I am very clearly of [the] opinion, upon the evidence, that the social rules and customs of the plaintiffs cannot possibly be dismissed as lying on the other side of an unbridgeable gulf. The evidence shows a subtle and elaborate system highly adapted to the country in which the people led their lives, which provided a stable order of society and was remarkably free from the vagaries of personal whim or influence. If ever a system could be called ‘a government of laws, and not of men’, it is that shown in the evidence before me.[88]

The Commonwealth had argued that any ‘system’ demonstrated on the evidence did not have the characteristics of a ‘system’ of law and that Yolngu conceptions of rights, duties and of ‘law’ could not be recognised by an Anglo-Australian court. Blackburn J would have none of it.

In my opinion, the arguments put to me do not justify the refusal to recognise the system proved by the plaintiffs in evidence as a system of law. Great as they are, the differences between that system and our system are, for the purposes in hand, differences of degree. I hold that I must recognise the system revealed by the evidence as a system of law.[89]

Judge Blackburn was scrutinising this Indigenous society in the late 1960s and early 1970s and would not accept that the Yolngu did not then possess, on the evidence presented to the court, a body of laws and customs cognisable to the Supreme Court of the Northern Territory as ‘a system of law’. As for the hundreds of other such Indigenous societies that existed in New Holland in 1788, Blackburn J was openly questioning of the notion that these societies had no ordered communal life upon the assertion of British sovereignty, writing: ‘having heard the evidence in this case, I am, to say the least, suspicious about the truth of the assertions of the early settlers of New South Wales that the aboriginals [sic] had no ordered manner of community life’.[90]

If Blackburn J found a vibrant, wholly functioning system of law in the Yolngu in the early 1970s, it is a historical, anthropological and intellectual pretence to suggest that, upon the assertion of sovereignty by the British Crown, Yolngu society was instantly stunned into stasis on 7 February 1788, and was thereafter incapable of parallel law-making or law-changing. Far from ridding fictions from the jurisprudential theory, the judges are adopting yet another. Yolngu society remained wholly unaffected by the assertion of British sovereignty in 1788, their Rom remained unaffected and, for the Yolngu People, their society normative and with plenipotent autonomy.
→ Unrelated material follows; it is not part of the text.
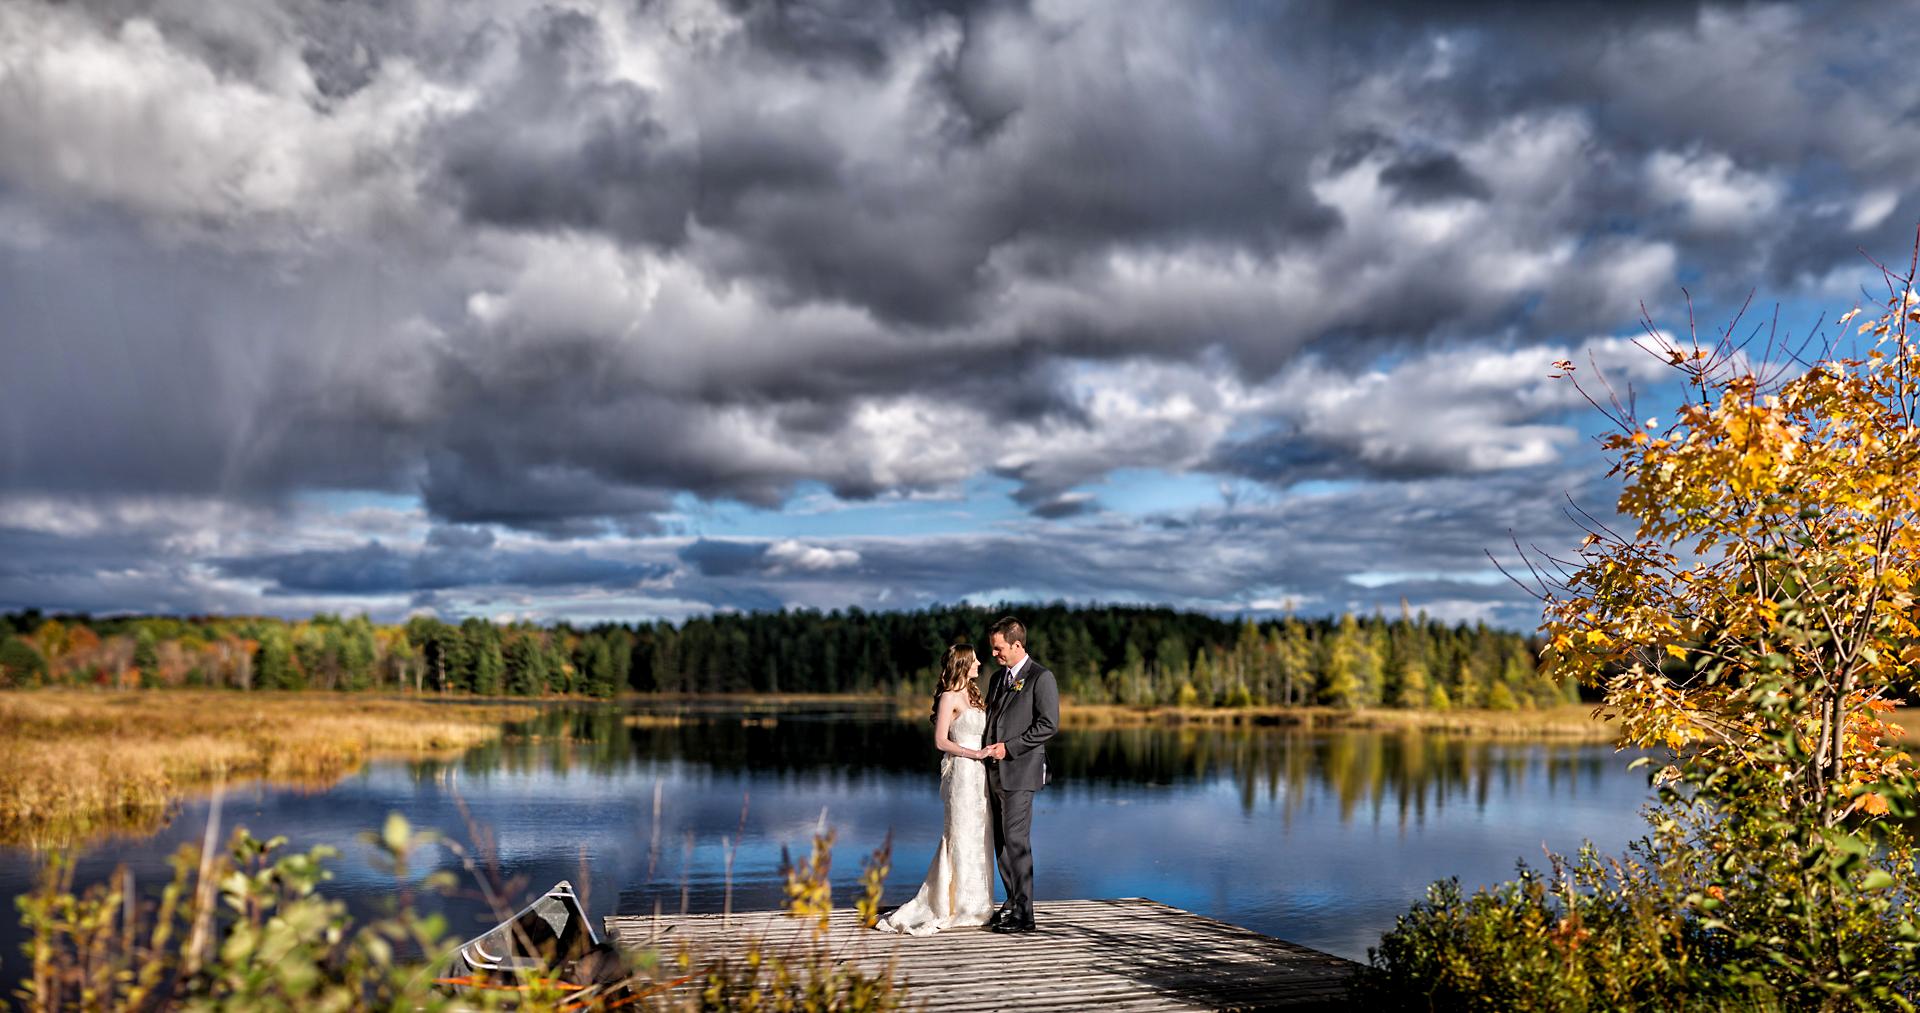 Nathan & Linda | Brooksfield Farms Wedding | Muskoka Wedding Photography01

2 The Doctrinal Perspective

From the doctrinal perspective, it is submitted that the High Court judgment – in denying any prospect of continuing legal plurality – fell into error in a manner similar to that judicially condemned in Mabo [No 2]. Brennan J stated that the change of beneficial ownership in traditional lands was not occasioned when British sovereignty was asserted, but was subsequently extinguished by the exercise of a paramount power.[91] By adopting the false assumption that the law-making capacity of the Indigenous societies was necessarily vitiated upon the acquisition of sovereignty by the British Crown, the judges are being guided perhaps by the notion of a plenipotent, indivisible sovereignty. They state, as the only reason for their assumption, that ‘[t]o hold otherwise would be to deny the acquisition of sovereignty and ... that is not permissible’.[92] This point was not developed in argument between the Bench and counsel and a more rigorous position may have been adopted had it been debated. A normative system, one would logically contend, in order to continue to be a normative system, must necessarily generate ‘norms’. If it no longer generates norms, self-evidently it would cease to be normative.[93]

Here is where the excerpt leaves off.